Using the records below, write out again exactly the lines that begin at the line containing "ジョイント信頼性その間Hea" and end at the line containing "Image of Greenworks 24V 4Ah Battery", and no other lines.

» Data extracts
◆ ◆ ◆ ◆ ◆

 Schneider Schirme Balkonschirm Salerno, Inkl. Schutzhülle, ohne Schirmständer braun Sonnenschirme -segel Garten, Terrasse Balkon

◆ ◆ ◆ ◆ ◆

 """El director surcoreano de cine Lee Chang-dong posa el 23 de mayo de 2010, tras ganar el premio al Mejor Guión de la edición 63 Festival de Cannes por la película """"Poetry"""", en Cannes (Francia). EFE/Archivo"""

◆ ◆ ◆ ◆ ◆

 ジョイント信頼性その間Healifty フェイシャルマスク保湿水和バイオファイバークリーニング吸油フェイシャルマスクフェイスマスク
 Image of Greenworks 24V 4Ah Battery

◆ ◆ ◆ ◆ ◆

» Answer to the exercise
 ジョイント信頼性その間Healifty フェイシャルマスク保湿水和バイオファイバークリーニング吸油フェイシャルマスクフェイスマスク
 Image of Greenworks 24V 4Ah Battery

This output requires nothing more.